AIM OF THE EXERCISE: Without the pictures, set down every line of the data exactly.

INFORMATION SUPPLIED:
--------

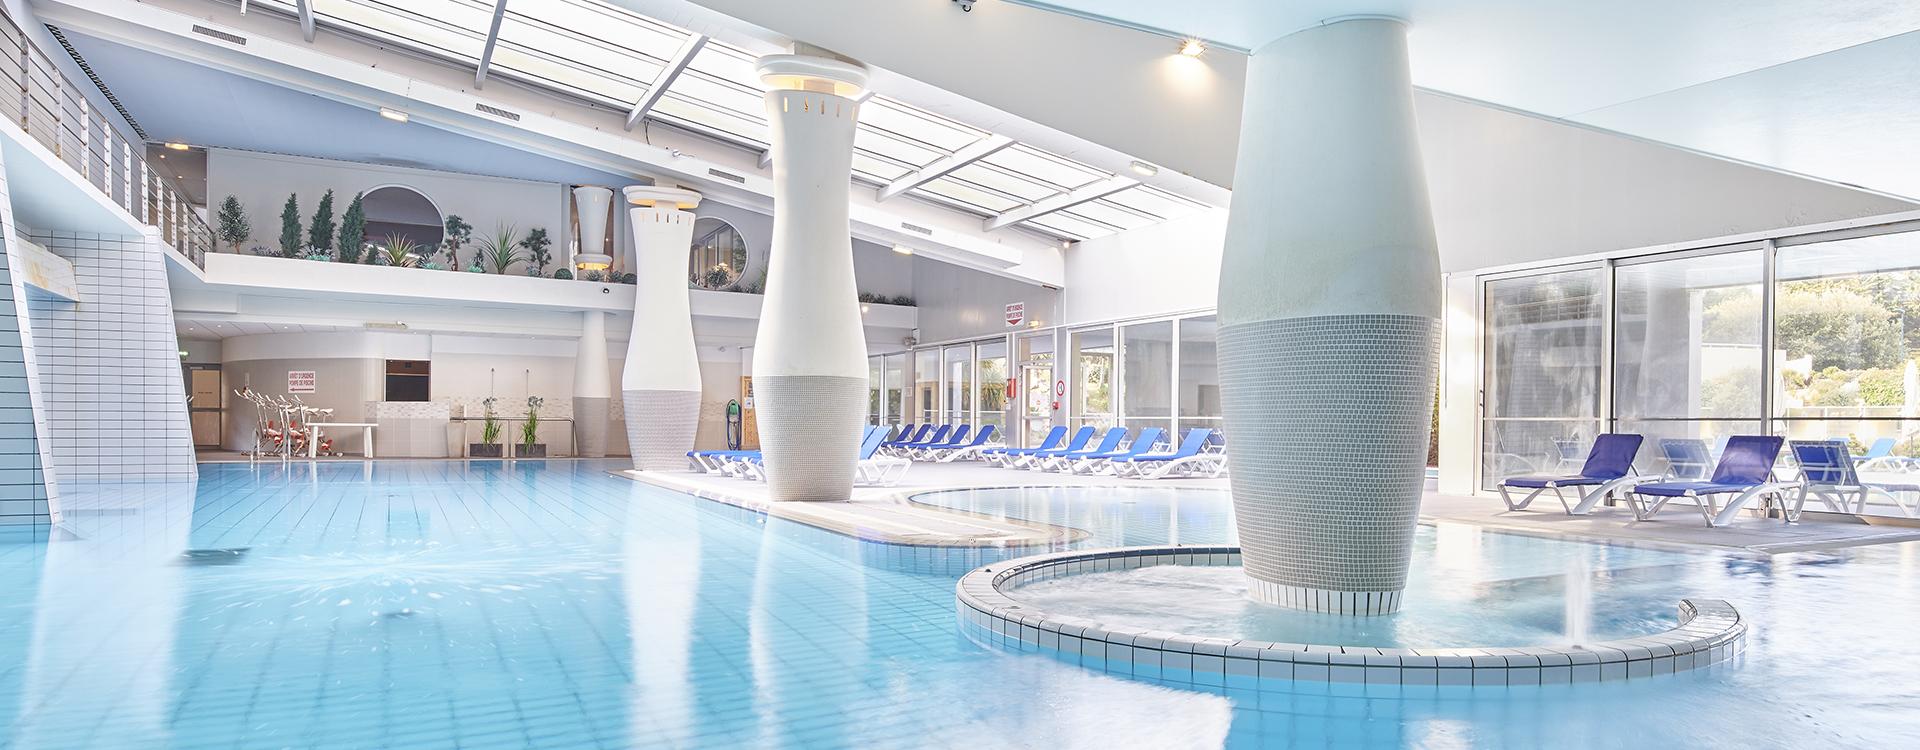 Jardins atlantique piscine
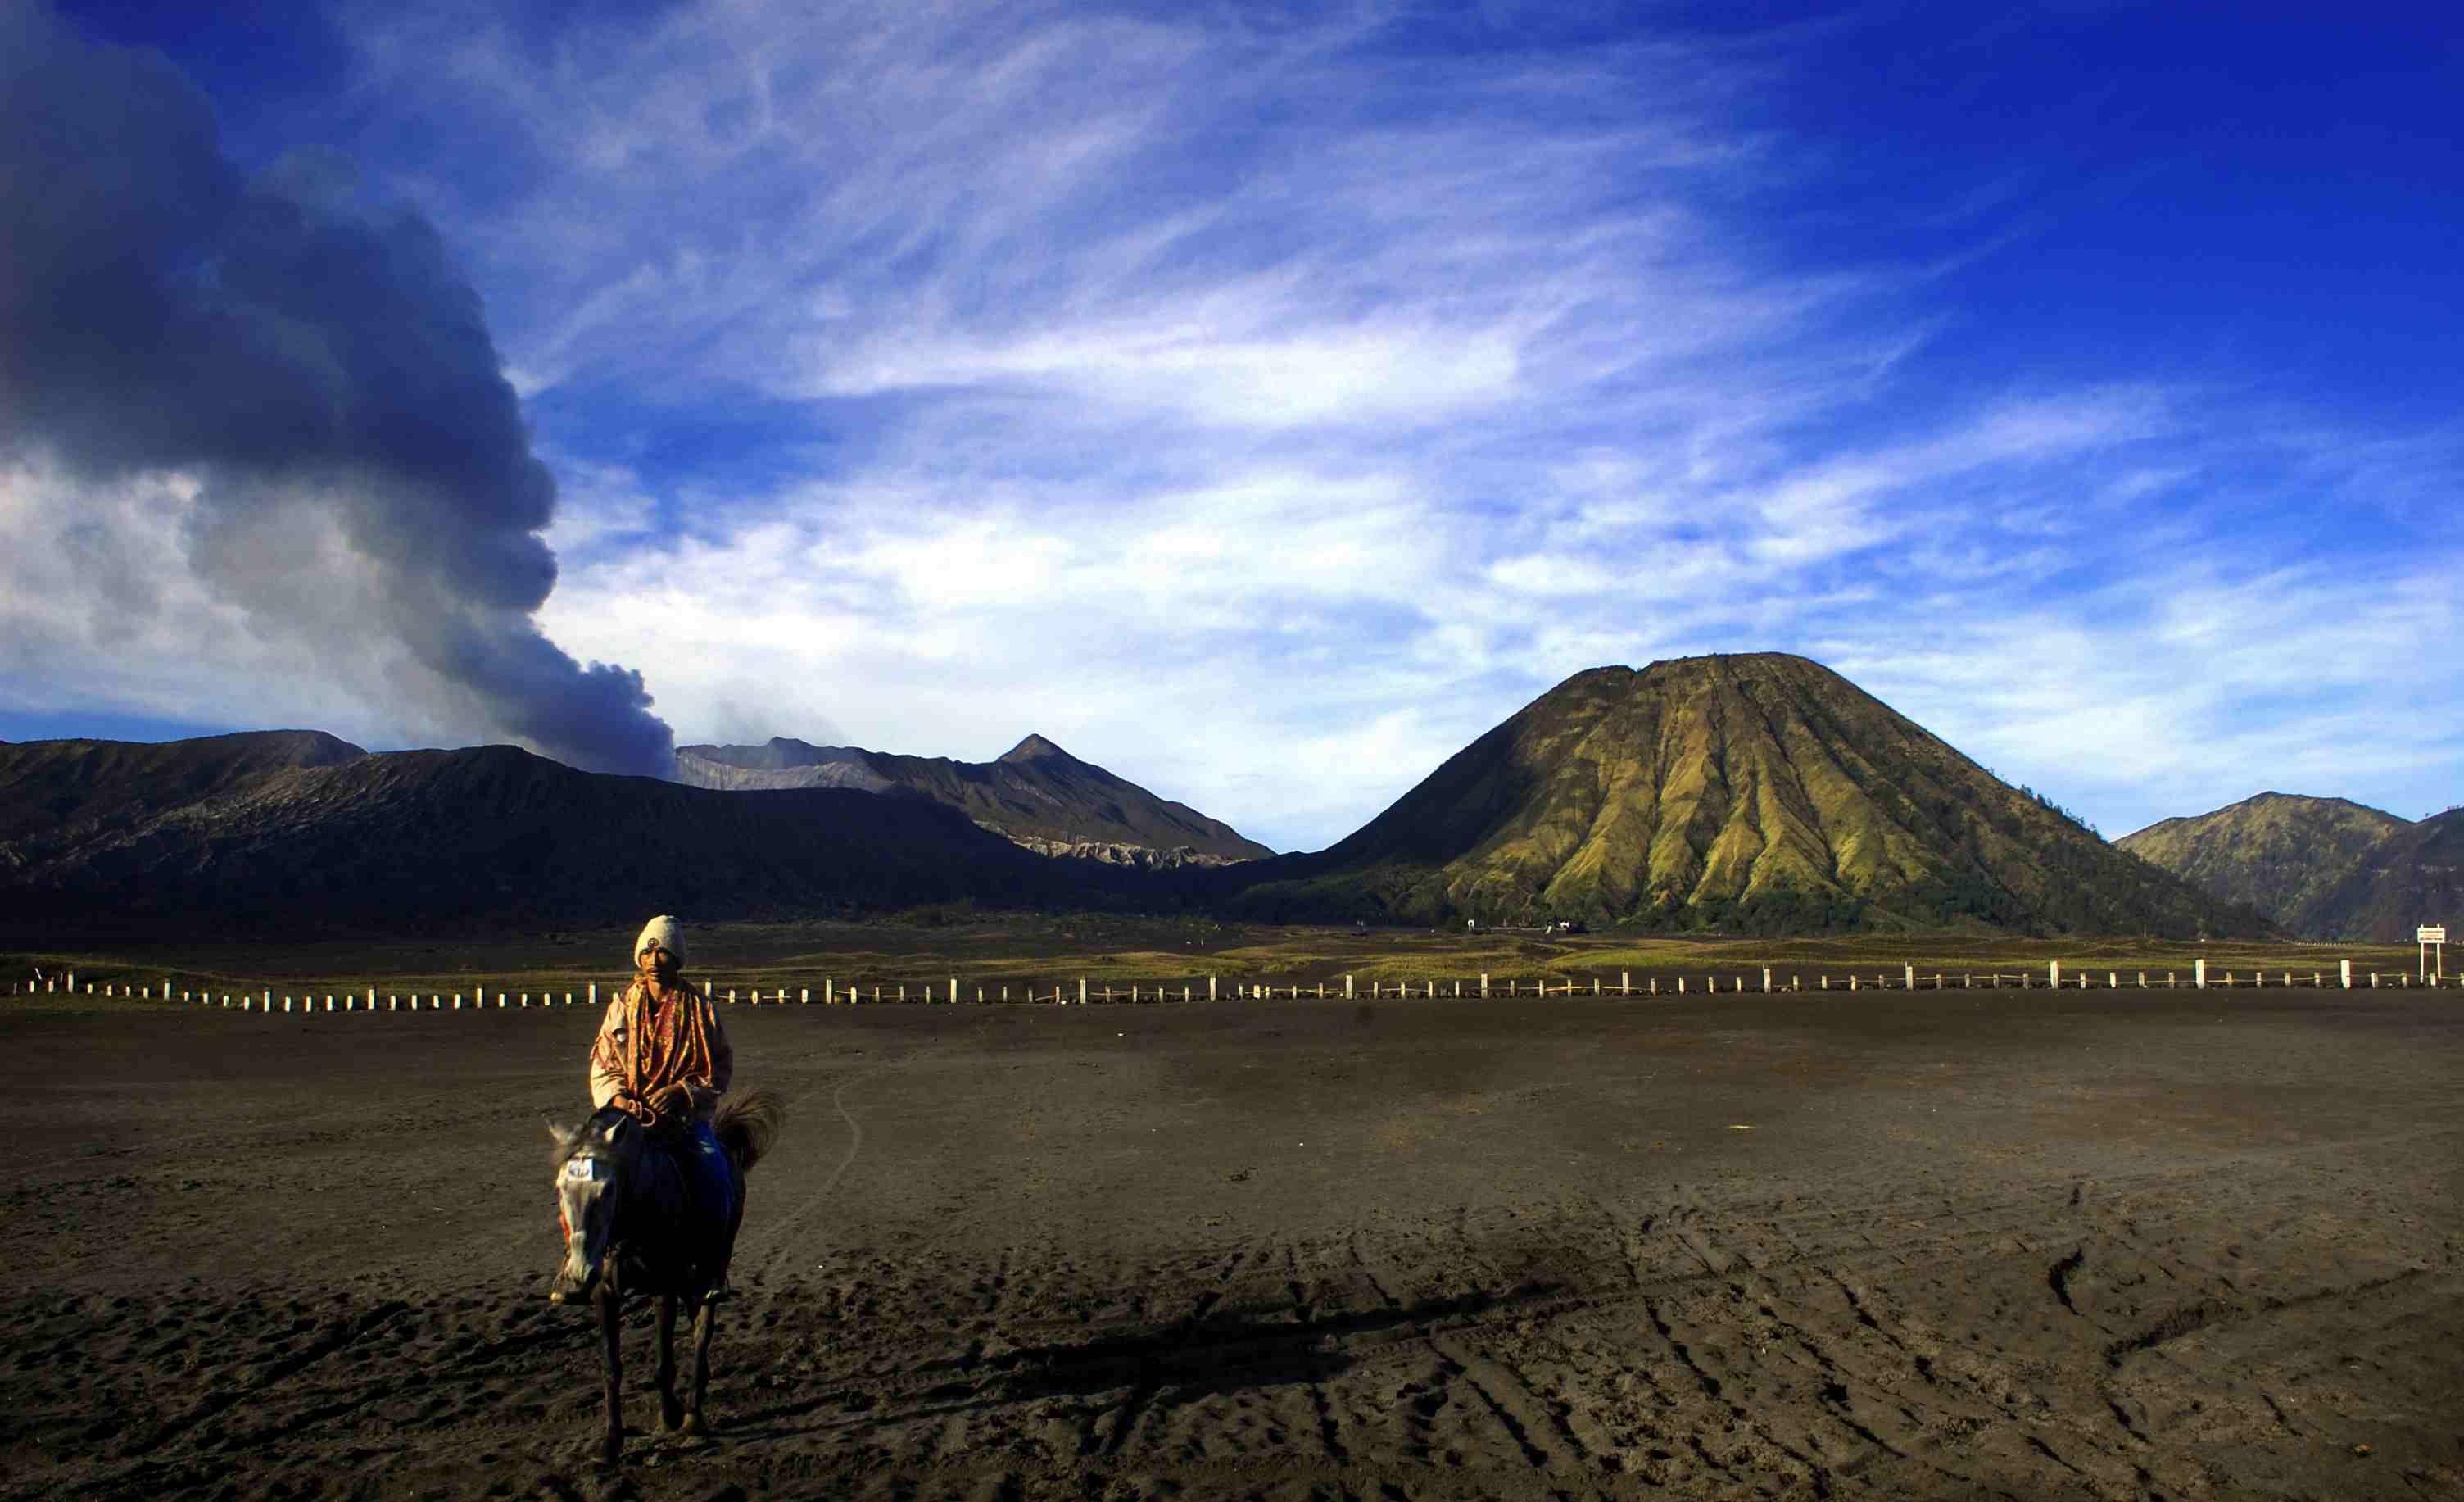 Paket Wisata Malang Bromo Batu 3 Hari 2 Malam Jabal Tour Pontianak
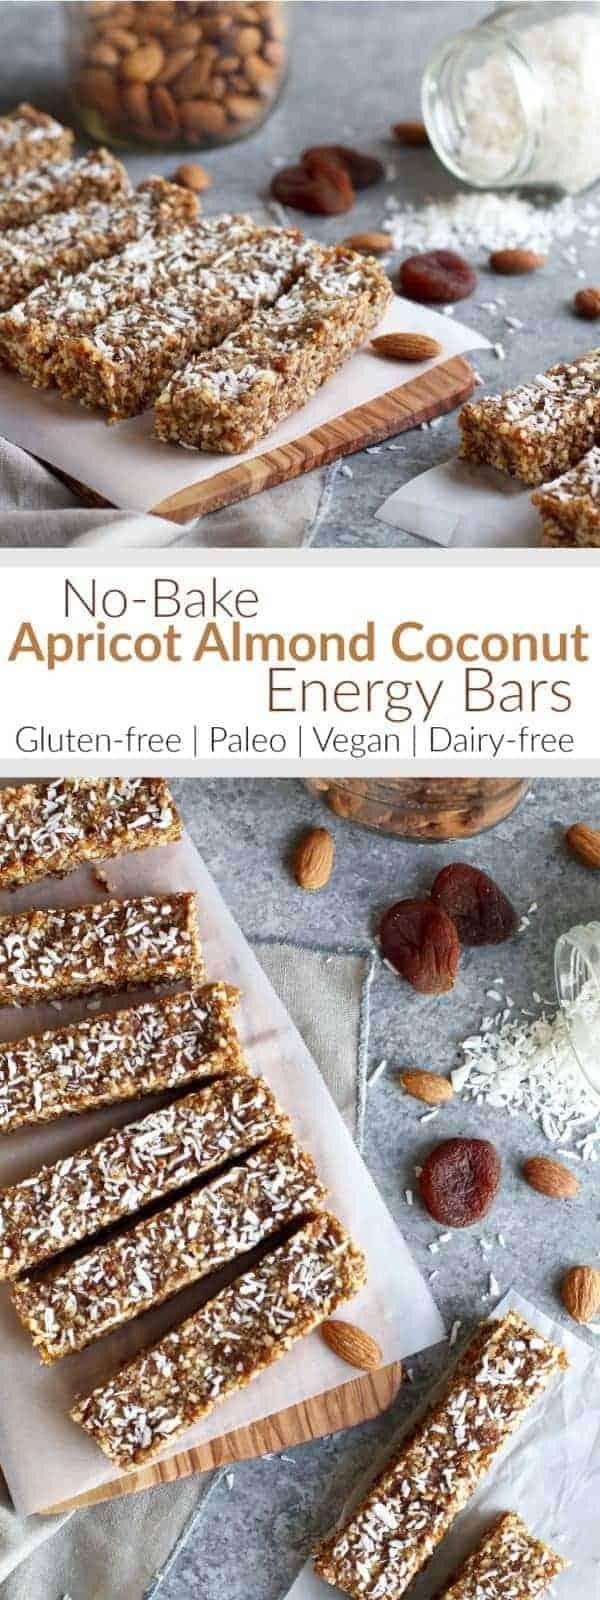 Pinterest image for Apricot Almond Coconut Energy Bars

--------

TASK RESPONSE:
 Jardins atlantique piscine
 Paket Wisata Malang Bromo Batu 3 Hari 2 Malam Jabal Tour Pontianak
 Pinterest image for Apricot Almond Coconut Energy Bars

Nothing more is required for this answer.